▶ **Data provided**

####

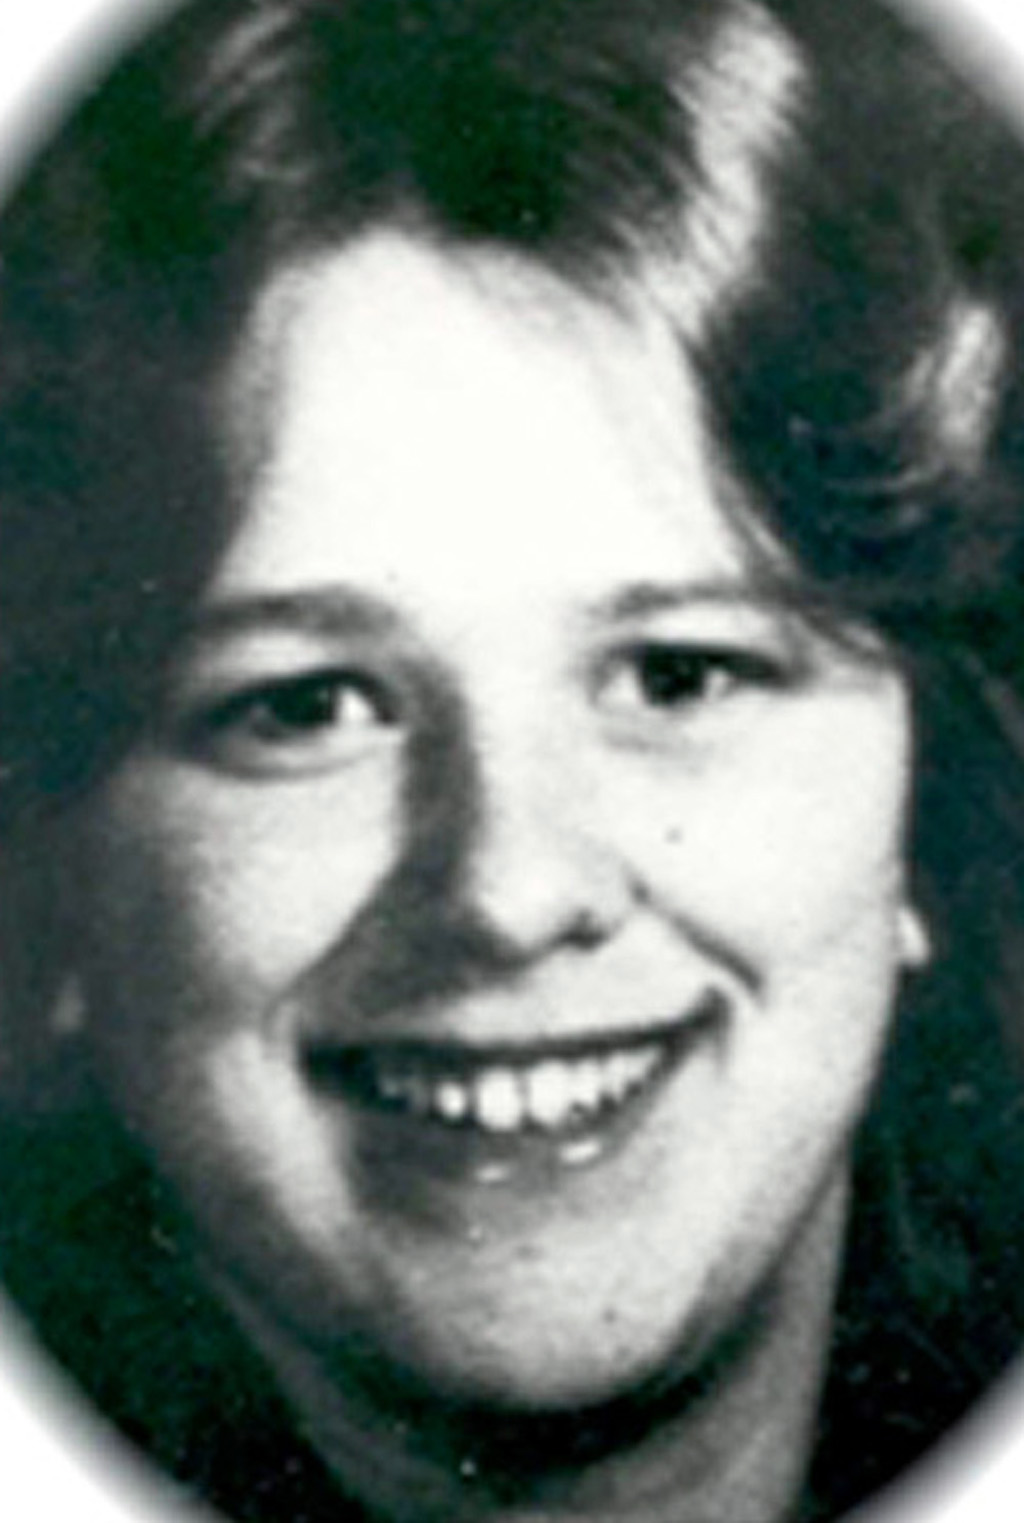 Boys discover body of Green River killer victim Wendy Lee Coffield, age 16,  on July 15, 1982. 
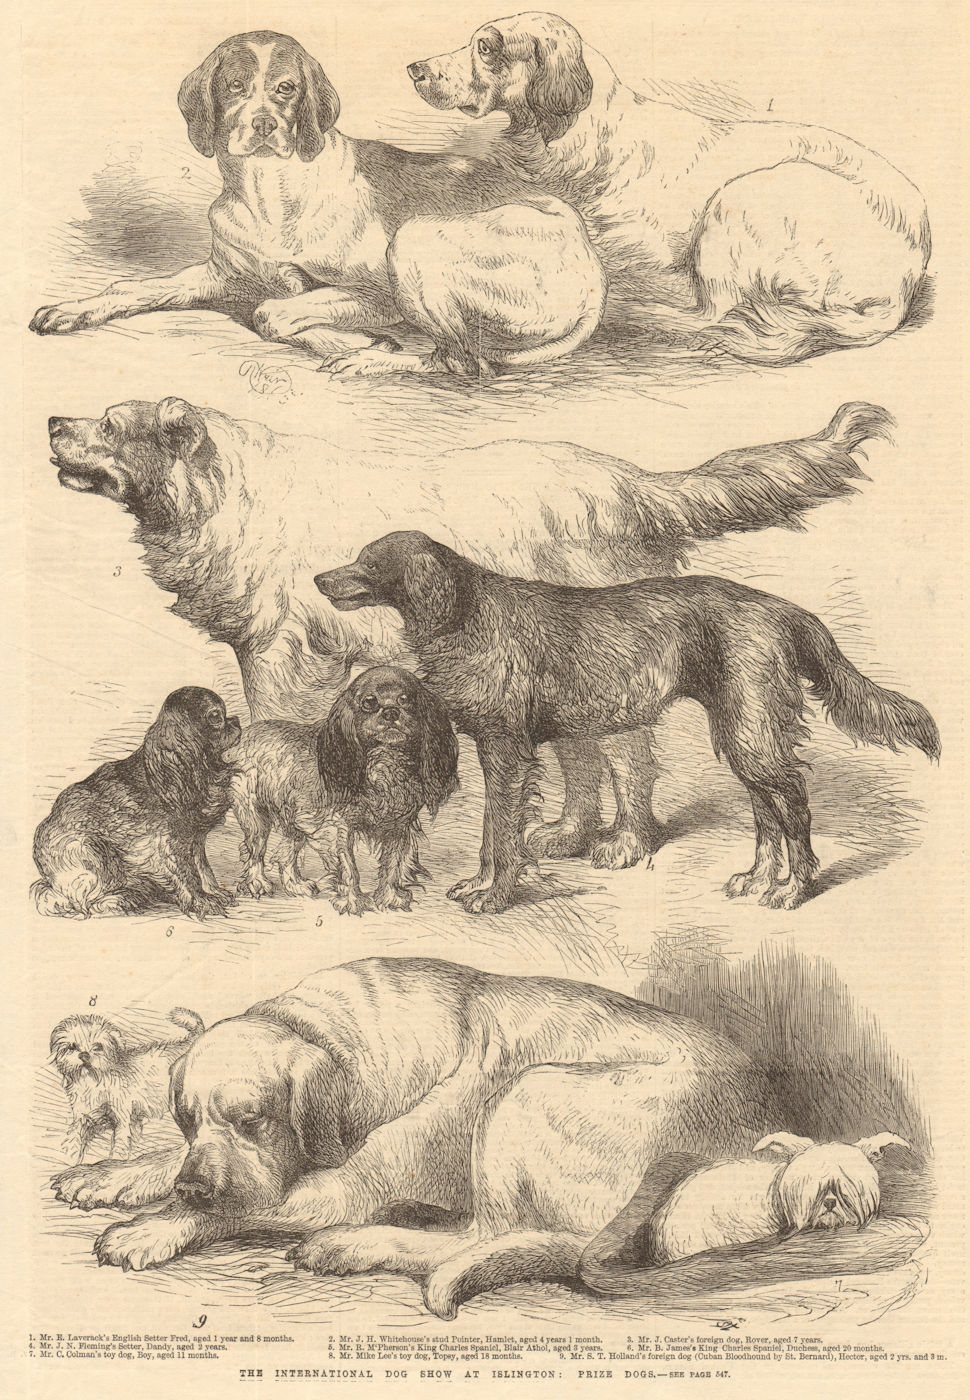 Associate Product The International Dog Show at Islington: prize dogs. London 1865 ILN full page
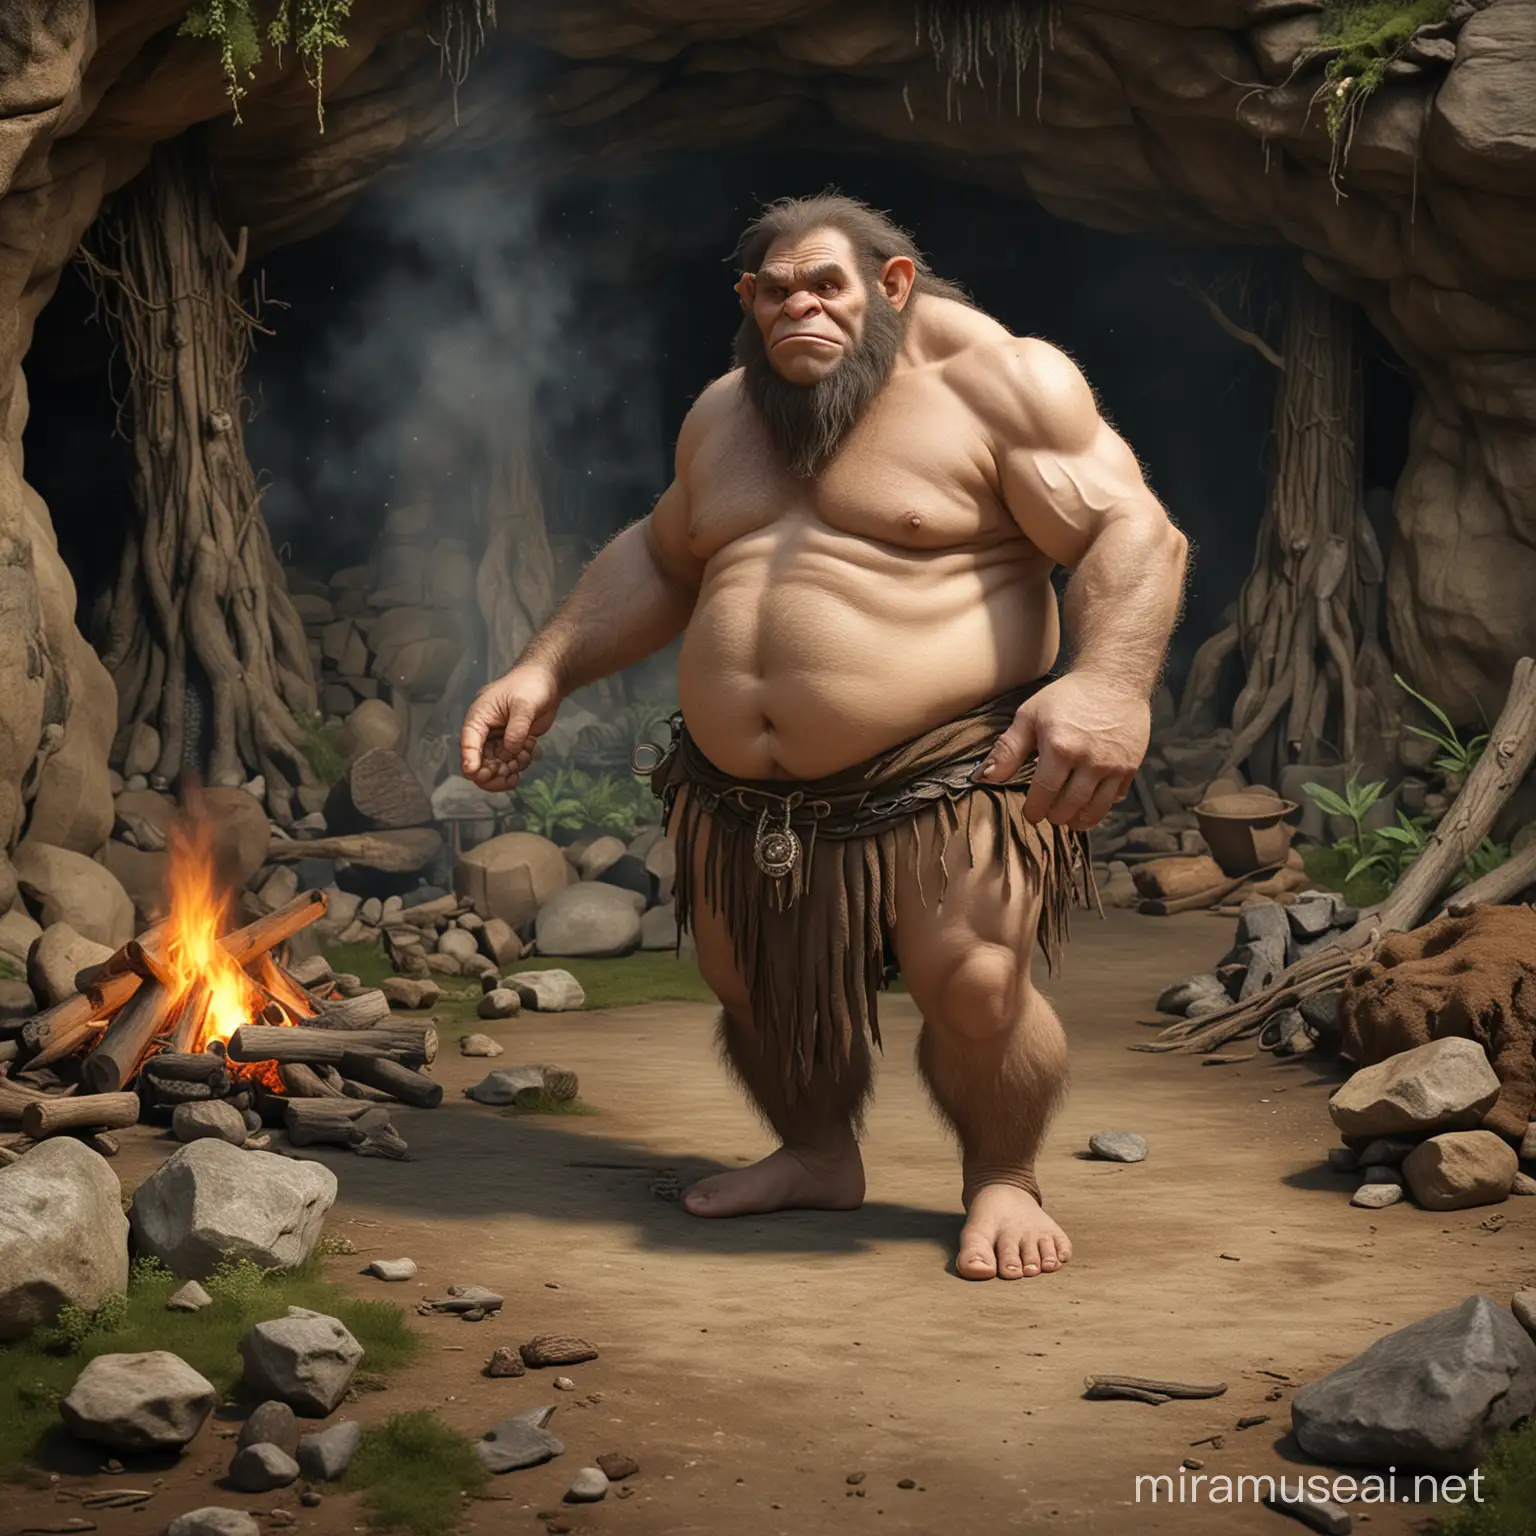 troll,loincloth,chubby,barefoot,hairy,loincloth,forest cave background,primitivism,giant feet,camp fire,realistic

####

▶ **Requirement**
Skip the pictures and copy exactly the lines from the one containing "Associate Product The" through the end of the material, both ends included.

▶ **Task solution**
 Associate Product The International Dog Show at Islington: prize dogs. London 1865 ILN full page
 troll,loincloth,chubby,barefoot,hairy,loincloth,forest cave background,primitivism,giant feet,camp fire,realistic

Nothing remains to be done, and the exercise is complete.